■ WHAT YOU HAVE TO DO
The copy you print must match the listing exactly, with its pictures removed.

■ ENTRIES PROVIDED
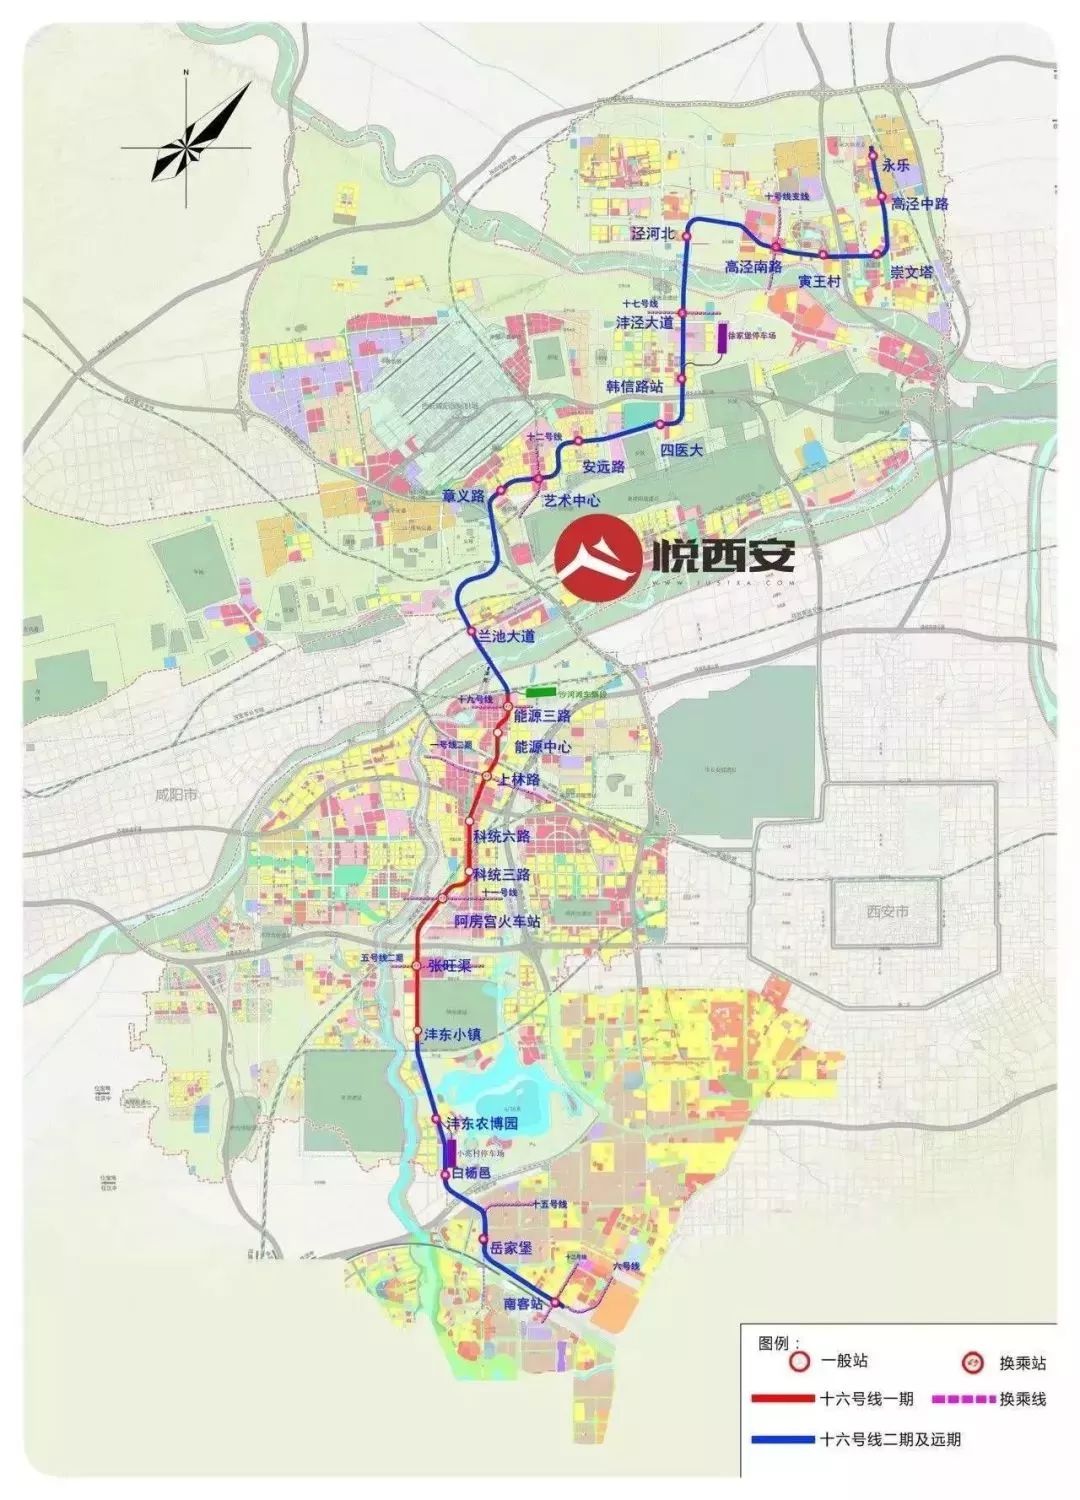 最全信息!2019—2024年,西安要规划建设这些地铁线路!
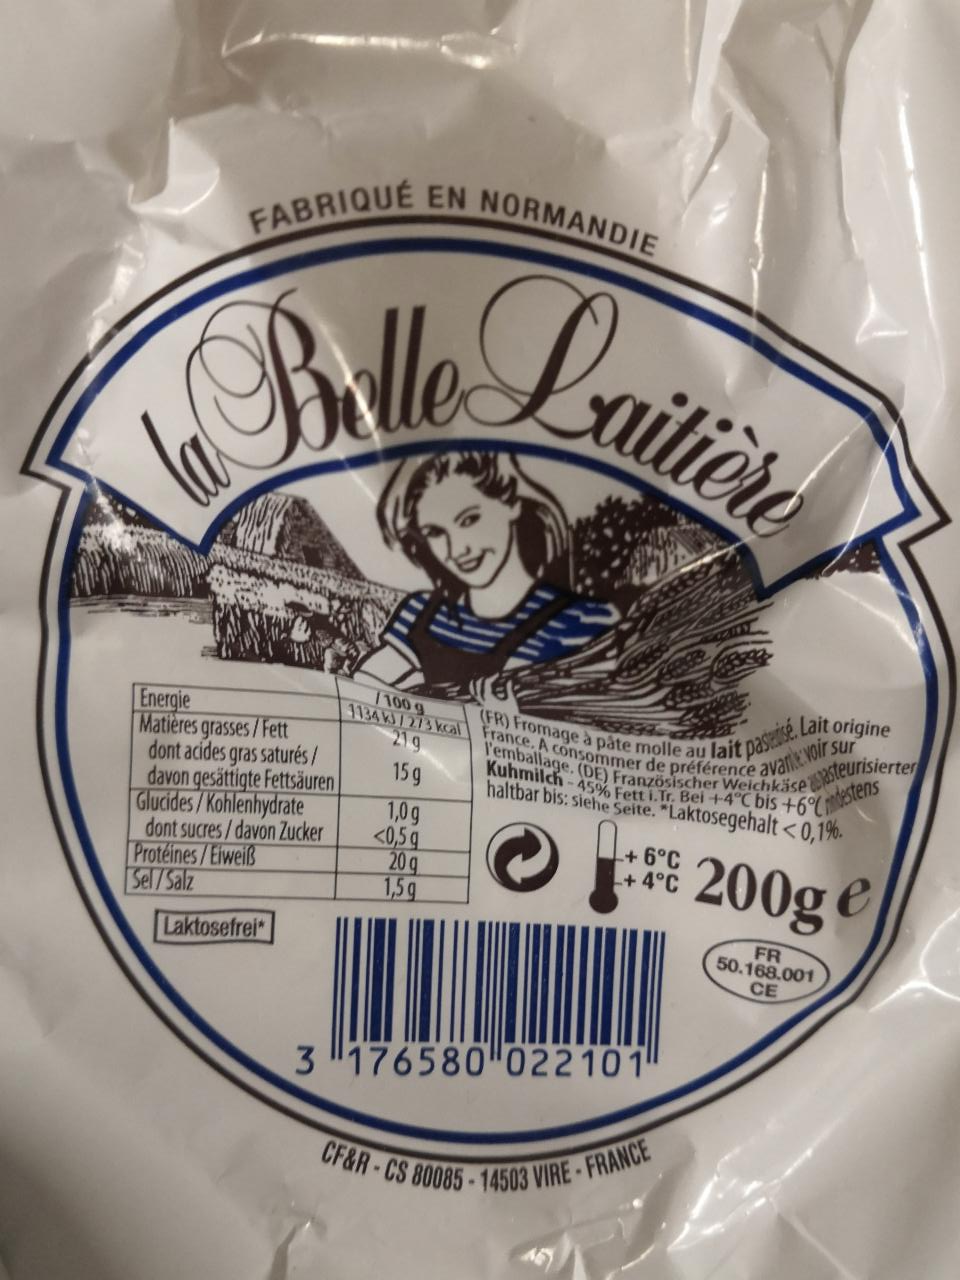 Fotografie - Francouzský měkký sýr La belle Laitiére s jogurtovou kulturou
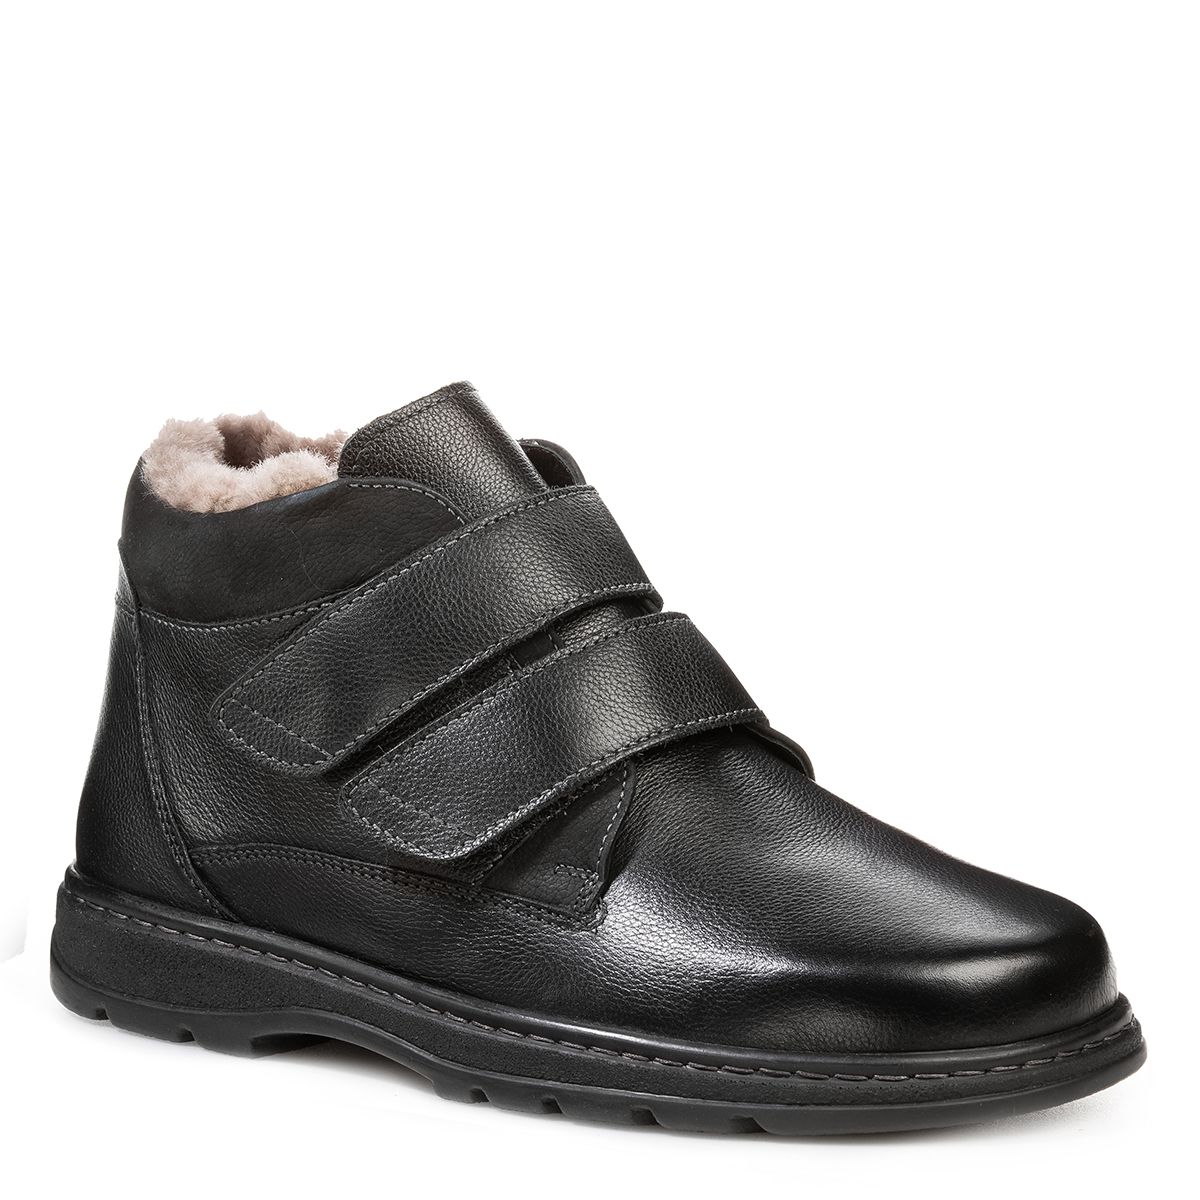 Мужские зимние ботинки Solidus Natura Man Stiefel черные ботинки мужские демисезонные solidus hardy stiefel чёрные
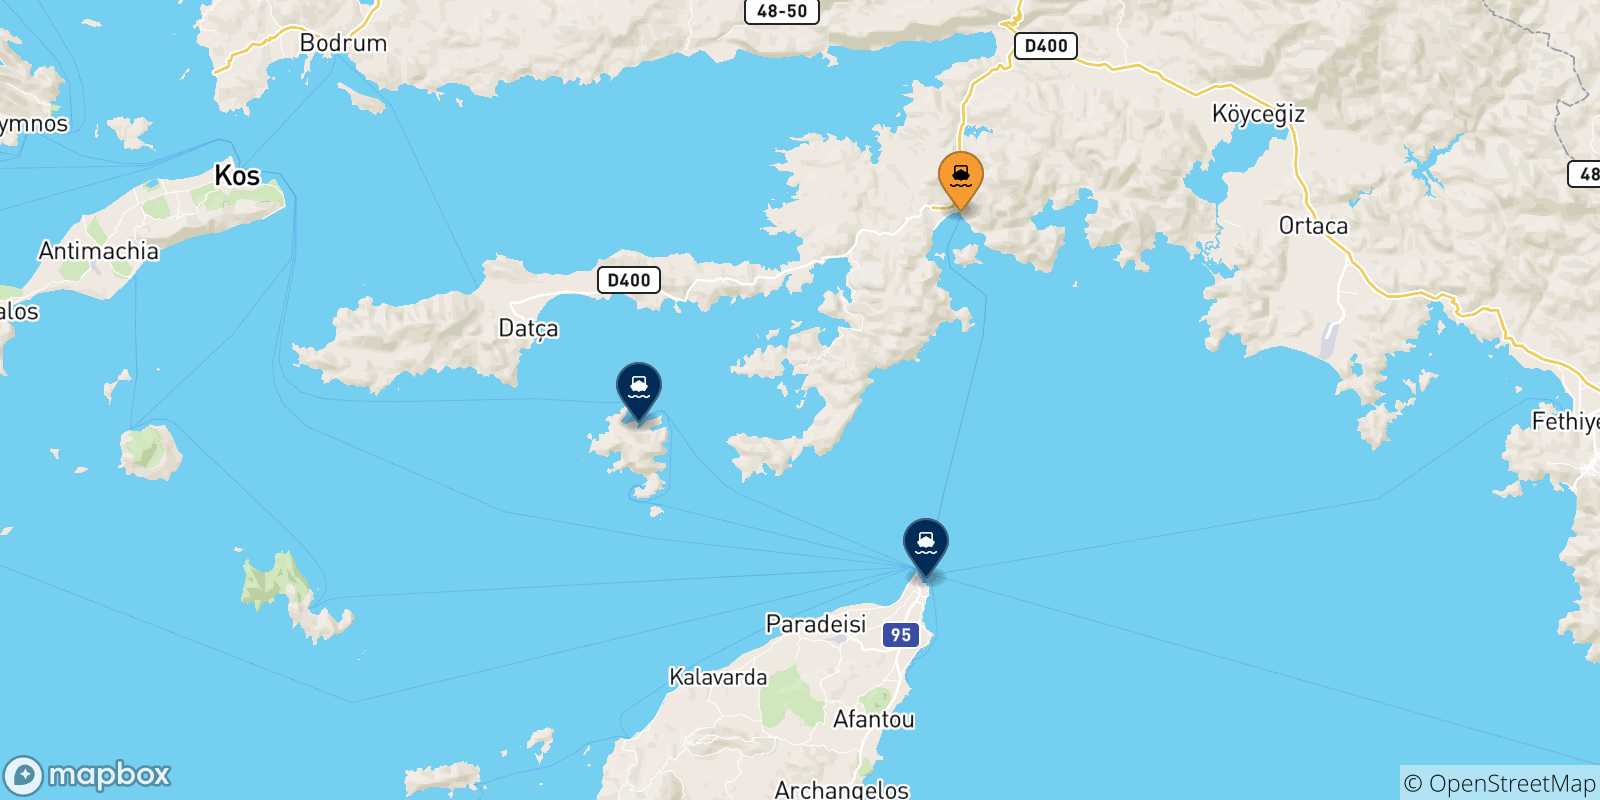 Mappa delle possibili rotte tra Marmaris e la Grecia
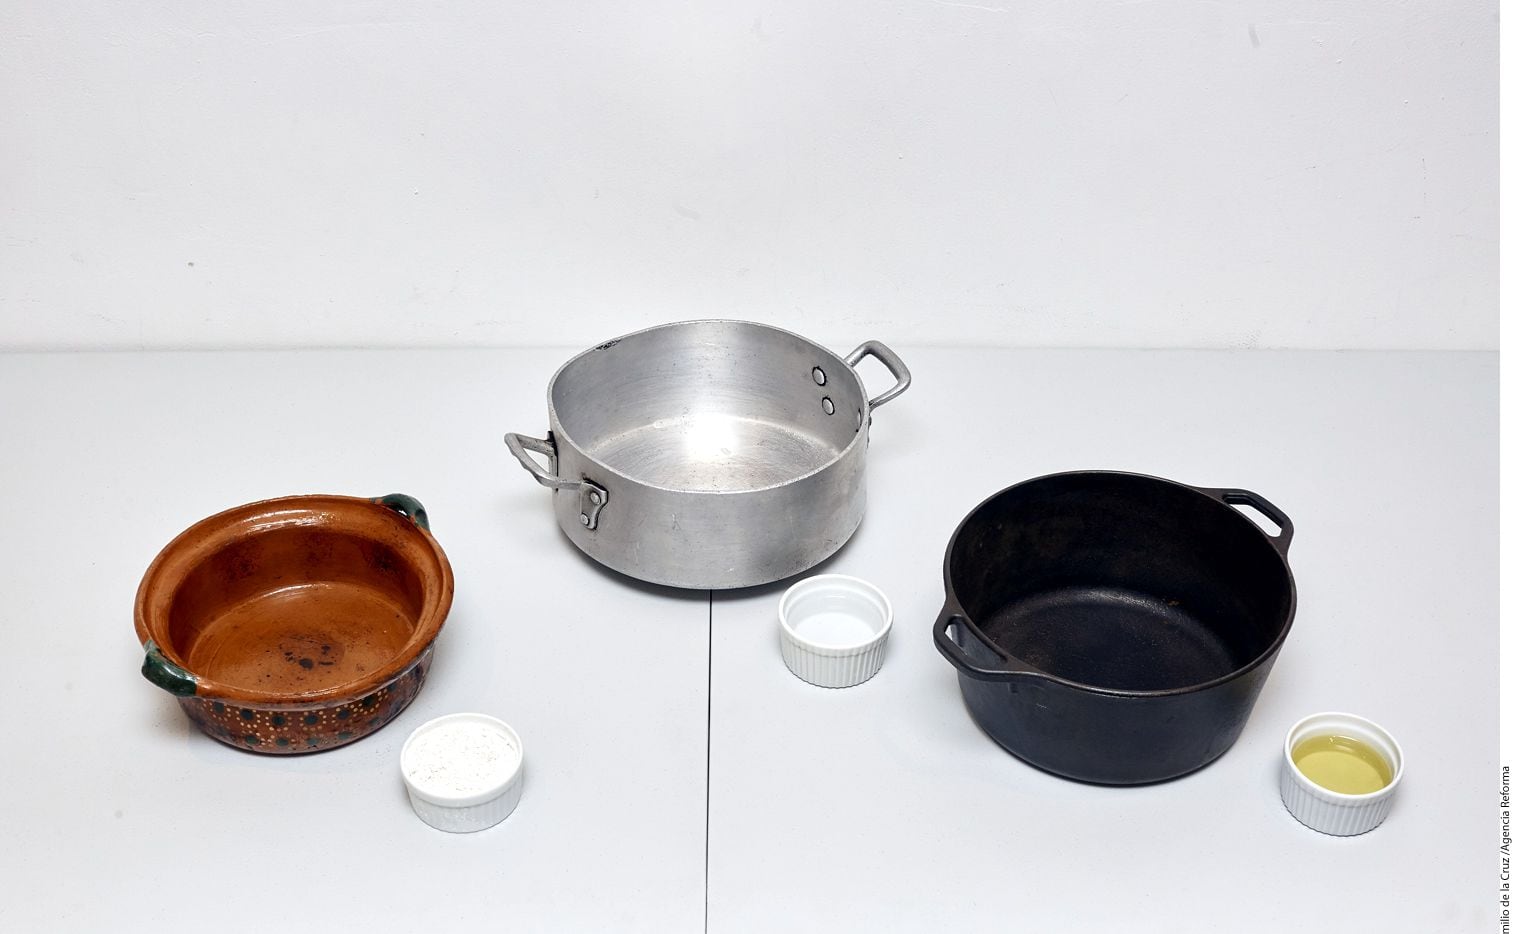 La manera tradicional de curar una olla de barro es con agua y cal./ AGENCIA REFORMA
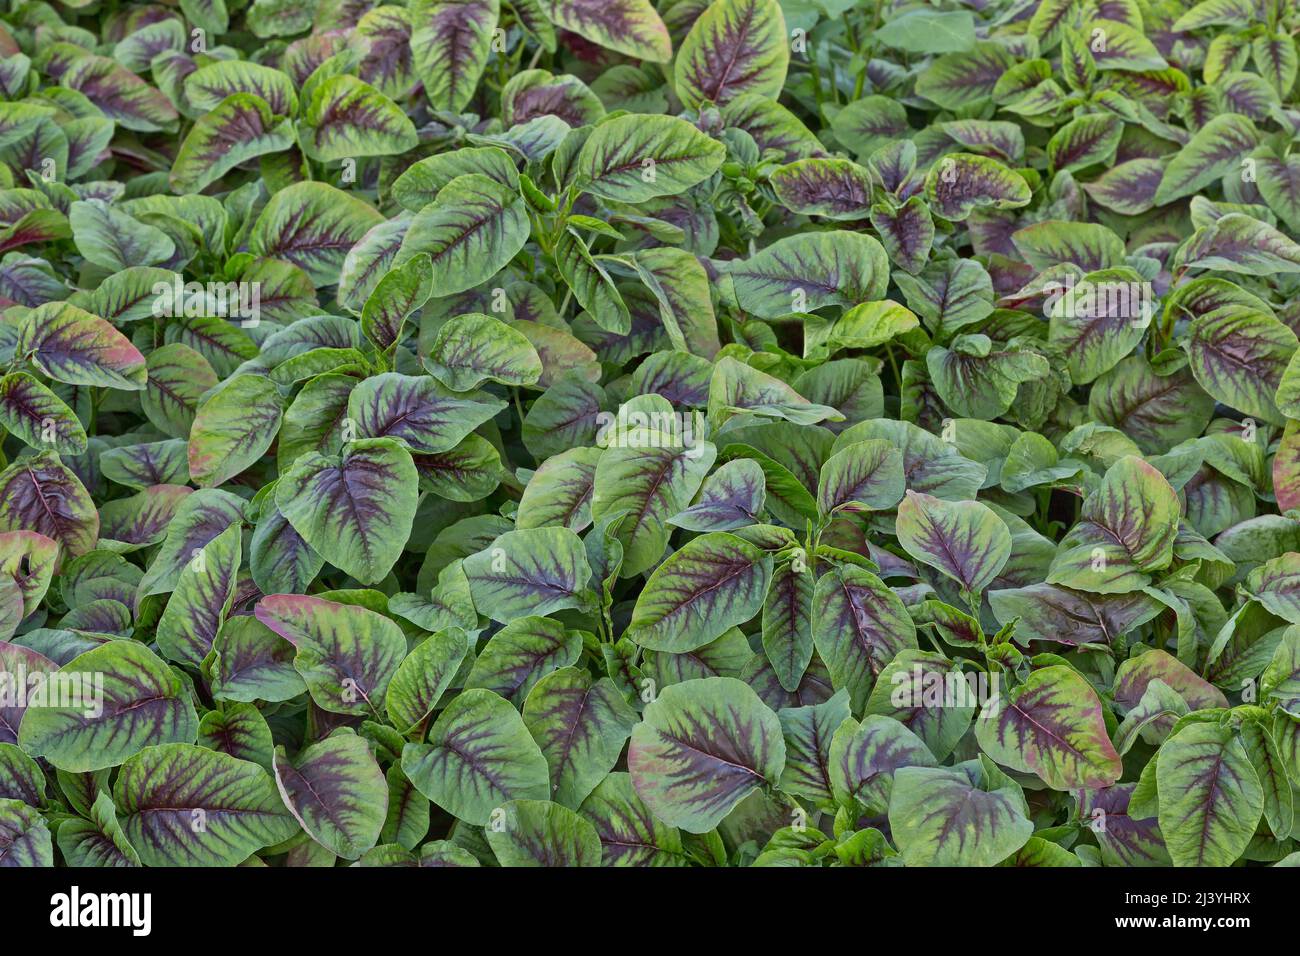 Amaranth edibla 'Yin Choy' , chinesischer Spinat, der im Gewächshaus in Kalifornien wächst. Stockfoto

■ ANSWER BOX
 最全信息!2019—2024年,西安要规划建设这些地铁线路!
 Fotografie - Francouzský měkký sýr La belle Laitiére s jogurtovou kulturou
 Мужские зимние ботинки Solidus Natura Man Stiefel черные ботинки мужские демисезонные solidus hardy stiefel чёрные
 Mappa delle possibili rotte tra Marmaris e la Grecia
 La manera tradicional de curar una olla de barro es con agua y cal./ AGENCIA REFORMA
 Amaranth edibla 'Yin Choy' , chinesischer Spinat, der im Gewächshaus in Kalifornien wächst. Stockfoto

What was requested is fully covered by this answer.